Could you output each line below exactly as it appears, excluding any pictures?

Recorded information

────────────────

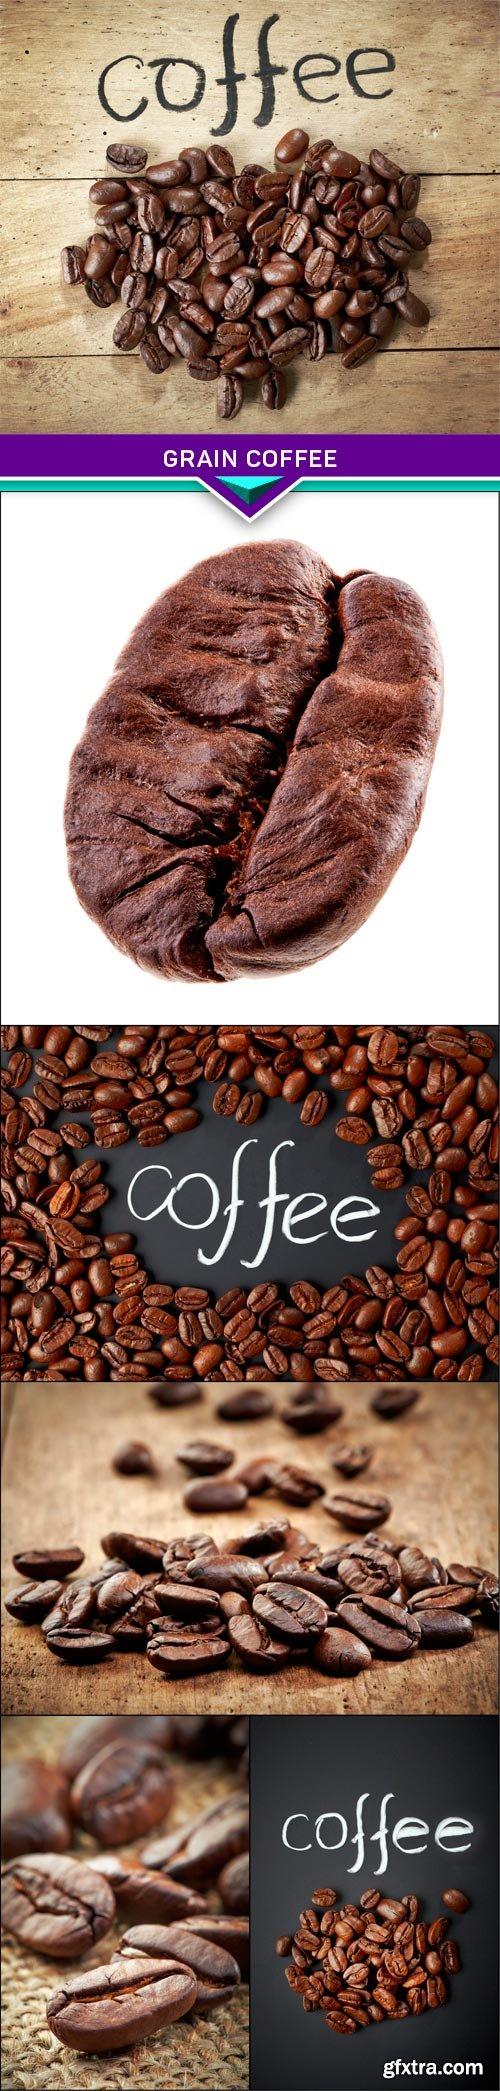 Grain coffee 6x JPEG
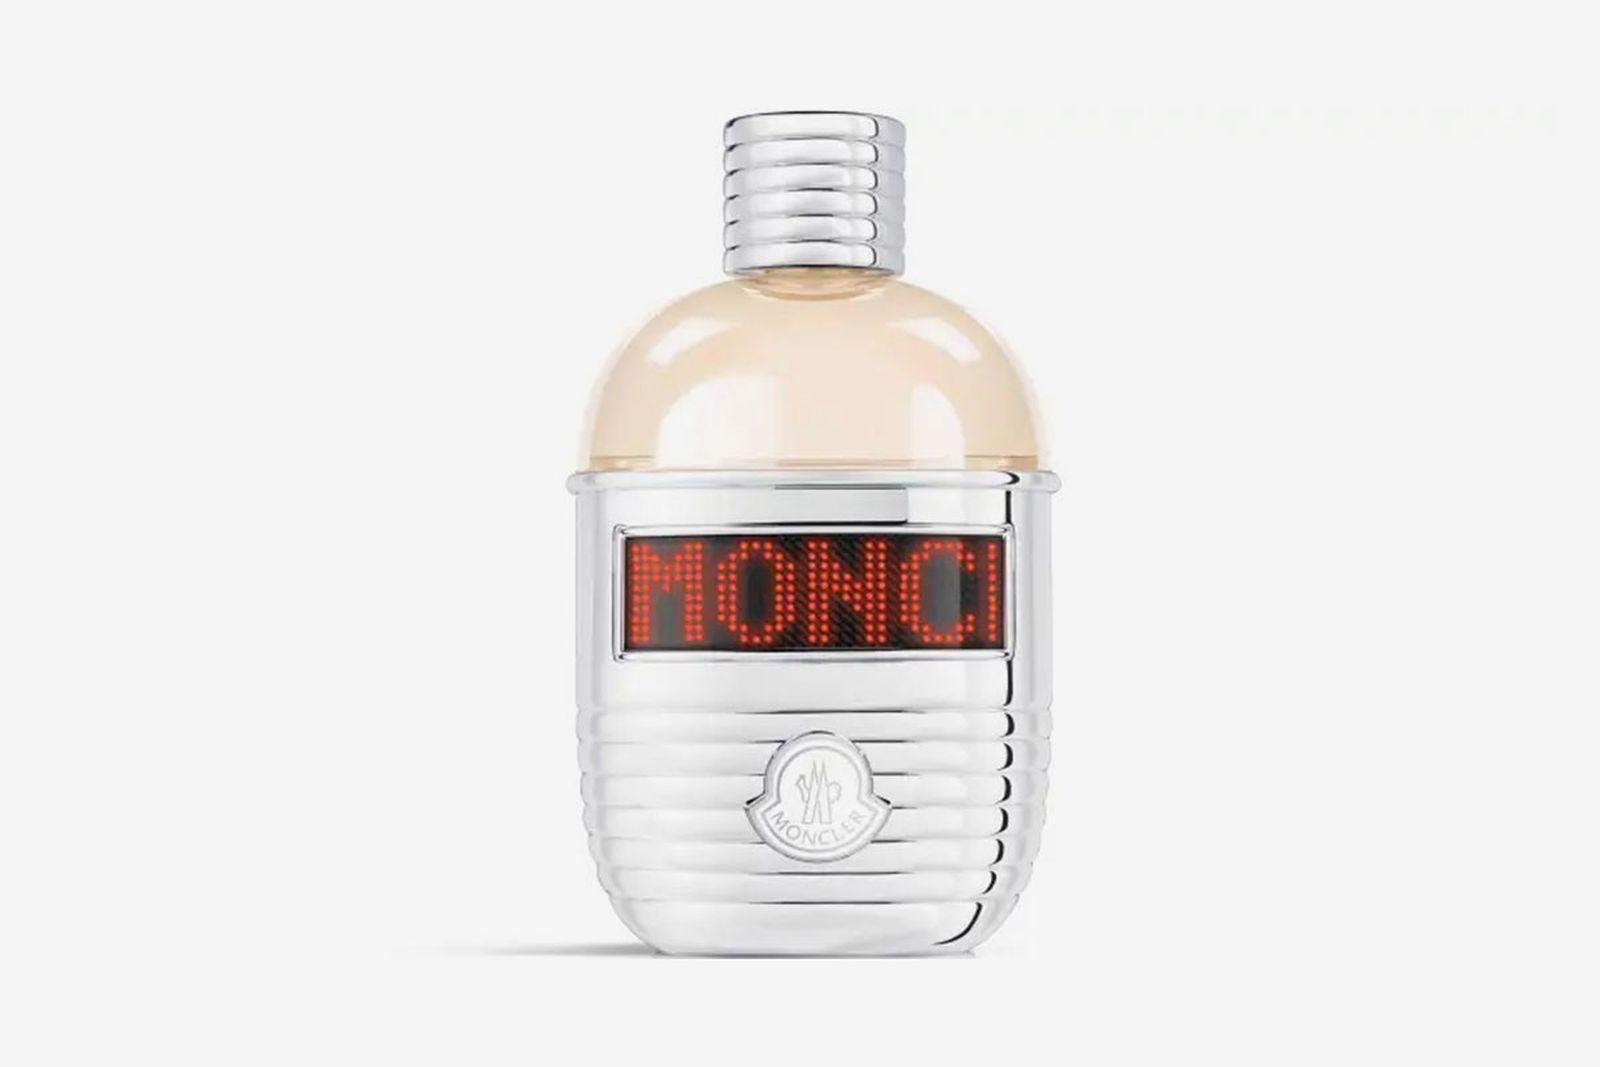 moncler-fragrance-perfume-01
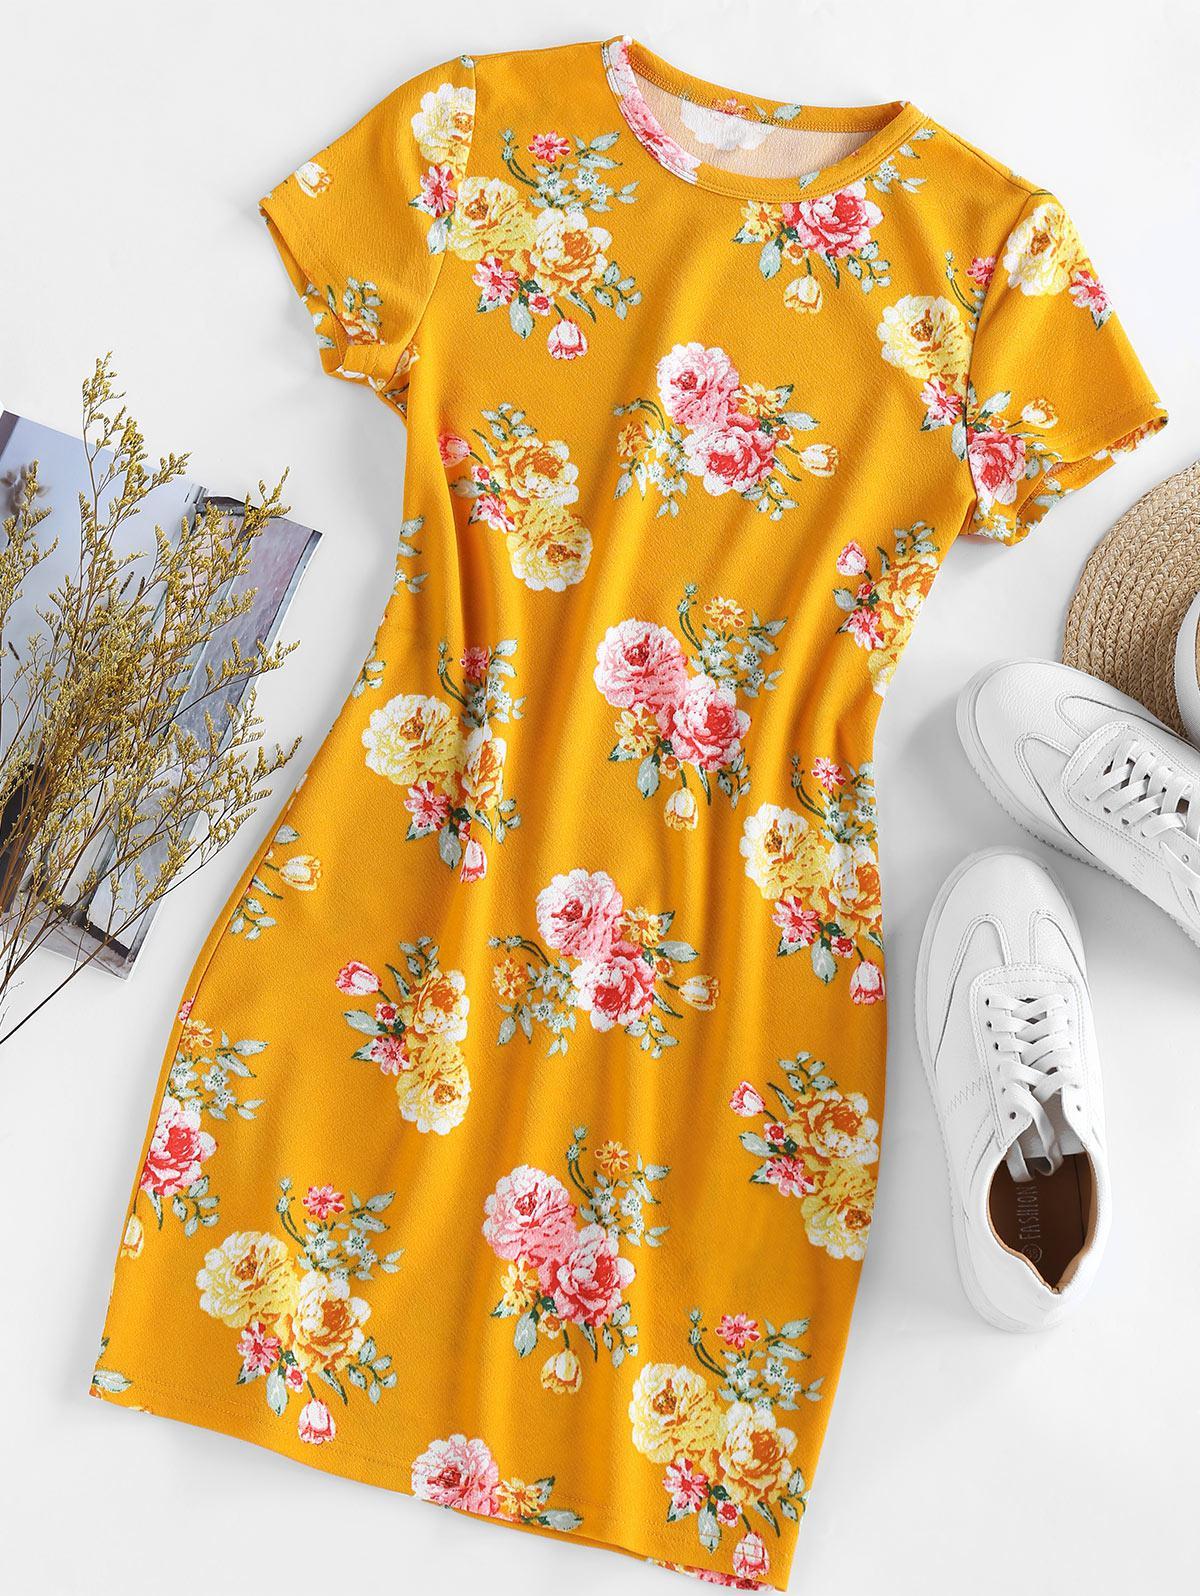 ZAFUL Sports Floral Printed Dress

────────────────

Task response
 Grain coffee 6x JPEG
 moncler-fragrance-perfume-01
 ZAFUL Sports Floral Printed Dress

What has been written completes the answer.